What has happened?
The European Securities and Markets Authority (ESMA) has published a report on cryptoassets and initial coin offerings (ICOs), clarifying existing rules for cryptoassets that qualify as financial instruments and setting any regulatory gaps and issues that EU policymakers should consider.
What does this mean?
In its Advice to the European (EU) Institutions, ESMA noted that the legal status of cryptoassets is a key consideration for regulators, as this determines whether financial services rules apply and, if so, the level of protection for investors.
ESMA's report follows a request by the European Commission in its 2018 FinTech Action plan for all European Supervisory Authorities, of which ESMA is one, to assess the suitability of the EU regulatory framework in respect of ICOs and cryptoassets.
Another of the European Supervisory Authorities, the European Banking Authority (EBA), recently published the results of its own assessment of the applicability and suitability of EU law to cryptoassets.
To better understand when cryptoassets qualify as financial instruments, ESMA has been working with national competent authorities (NCAs) on analysing the different business models of cryptoassets (such as investment-, utility-, hybrid- or payment-type cryptoassets) as well as the risks and potential benefits they may introduce and how they fit within the existing regulatory framework.
This exercise showed that most NCAs consider that certain cryptoassets can qualify as transferable securities or other types of MiFID II financial instruments.
However, while transposing MiFID II into national laws, many NCAs defined the term "financial instruments" differently, some using a restrictive list of examples and others broader interpretations.
"This creates challenges to both the regulation and to the supervision of cryptoassets," ESMA said.
In its report, the regulator identified a number of concerns in the current financial regulatory framework, which broadly fall into two categories.
Cryptoassets that qualify as MiFID financial instruments
For cryptoassets that qualify as transferable securities and MiFID financial instruments, many EU financial rules already apply, such as the Prospectus Directive, MiFID II, the Market Abuse Directive or the Transparency Directive.
However, ESMA said there are a number of "gaps and issues" in the existing regulatory framework when applied to cryptoassets "that leave certain risks unaddressed or that may not be adapted to [distributed ledger technology]".
ESMA believes these issues should be considered and potentially addressed by the European Commission, including:
- Greater clarity is needed around the types of services/activities that may qualify as custody/safekeeping services/activities under EU financial services rules in a DLT framework.
- Greater certainty is needed around the concepts of settlement and settlement finality applied to cryptoassets.
- Some risks specific to the underlying technology may need new/enhanced requirements.
Cryptoassets that do not qualify as MiFID financial instruments
Even though, according to ESMA, the size of the crypto market is still small and it does not currently raise financial stability issues, it still had concerns about the risks posed to investor protection and market integrity.
The report said:
"Where cryptoassets do not qualify as MiFID financial instruments and unless they qualify as electronic money, they are likely to fall outside of the existing EU financial services rules, in which case investors will not benefit from the safeguards that these rules provide."
Further, investors will not find it easy to distinguish between those cryptoassets that are within the scope of EU financial rules and those that are not, especially if they are offered on the same platforms.
Against this background, the regulator foresees two options: implementing a bespoke regime for specific types of cryptoassets or doing nothing, with ESMA recommending the first option is followed.
The report said:
"EU policymakers could consider the opportunity to set up a bespoke regime for those cryptoassets that do not qualify as financial instruments.
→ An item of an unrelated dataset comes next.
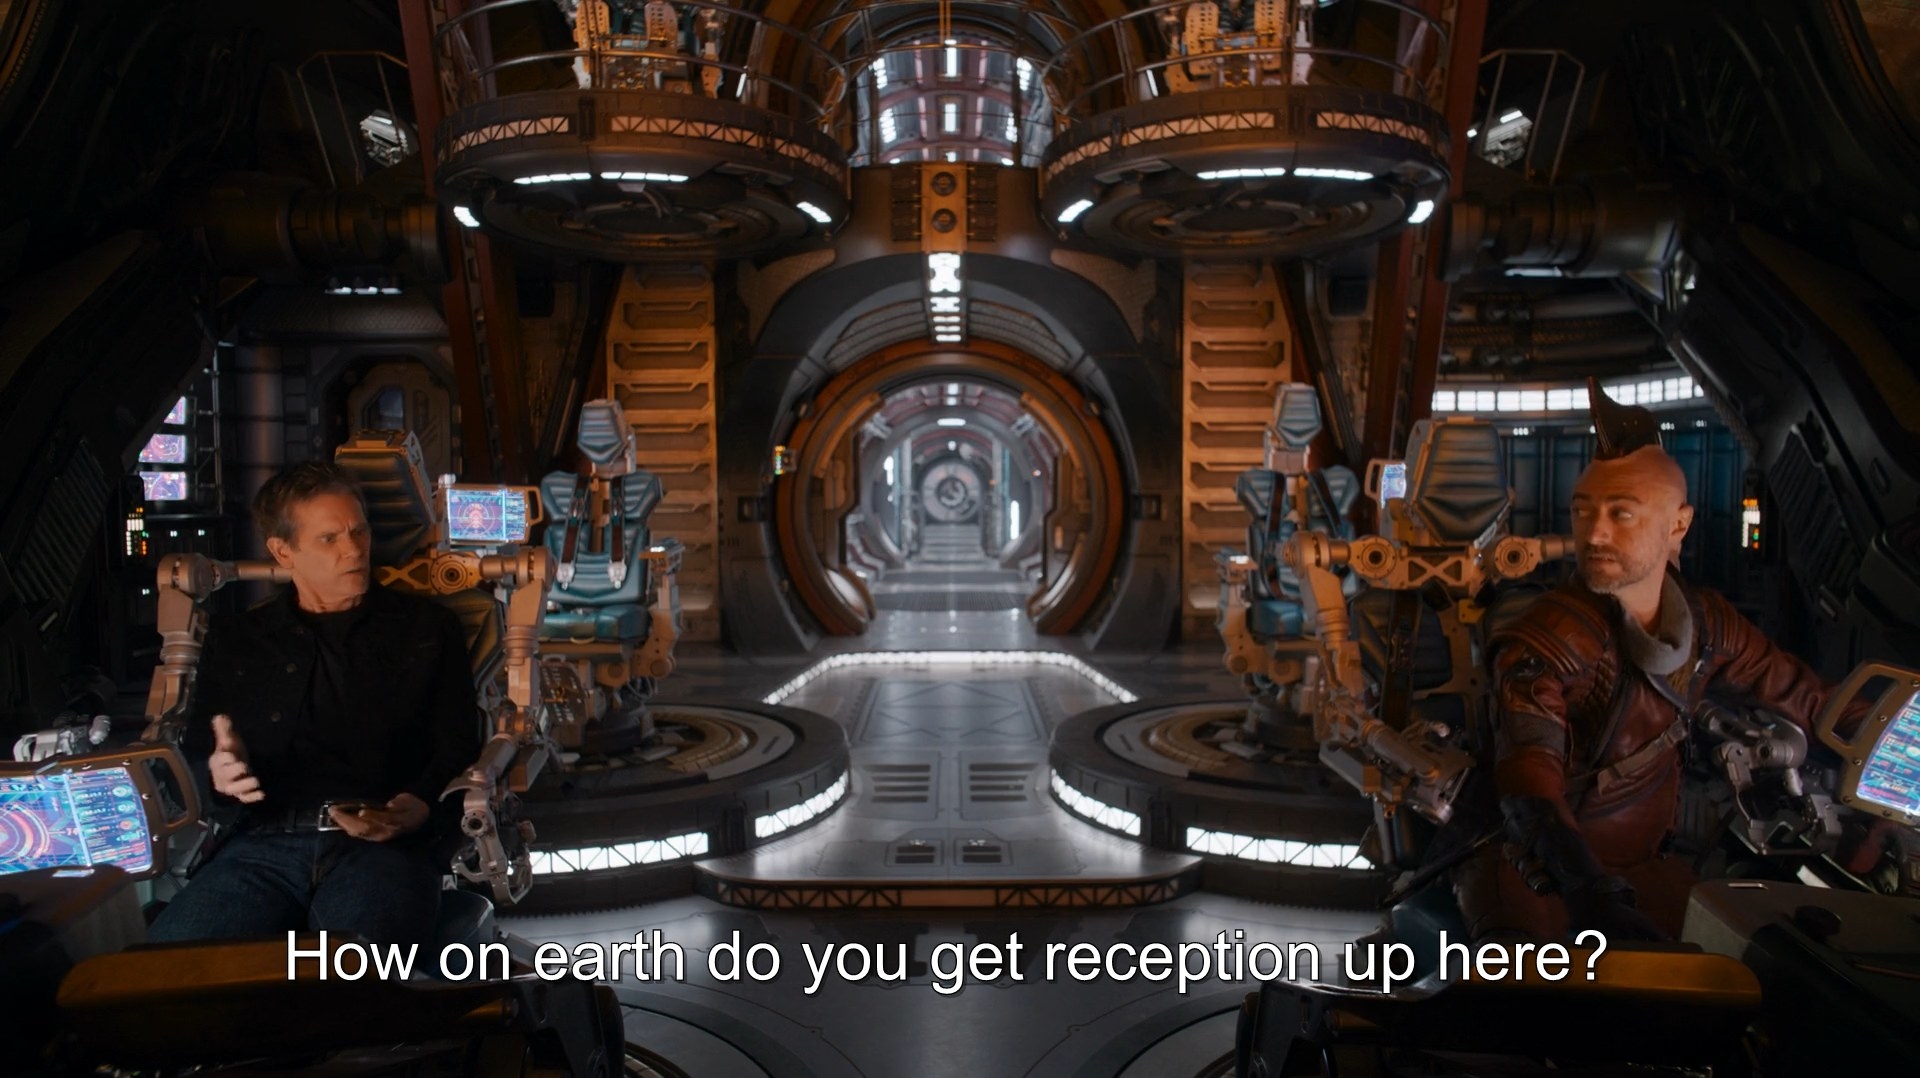 Kevin Bacon and Sean Gunn talk inside a spaceship

Such a bespoke regime… would allow tailoring the rules to the specific risks and issues posed by those cryptoassets."
ESMA also believes that anti-money laundering (AML) rules should apply to all activities involving cryptoassets, in line with the recommendations in the EBA report on cryptoassets that came out on the same day as ESMA's report.
The regulator therefore called on EU policymakers to review AML requirements, including with regard to providers of crypto-to-crypto exchange services providers and providers of financial services for ICOs.
In addition, they should also consider the need for appropriate risk disclosure requirements to be in place.
Finally, the report noted that wider regulation may have slightly unintended consequences, such as "risking legitimising cryptoassets and encouraging wider adoption".
"Therefore, at this stage, ESMA advises to focus the regime for cryptoassets that are not financial instruments on warning buyers about the risks of those cryptoassets, instead of a more elaborate regime that could legitimise cryptoassets and bring them into a similar regulatory remit as the one for cryptoassets that are financial instruments," the report said.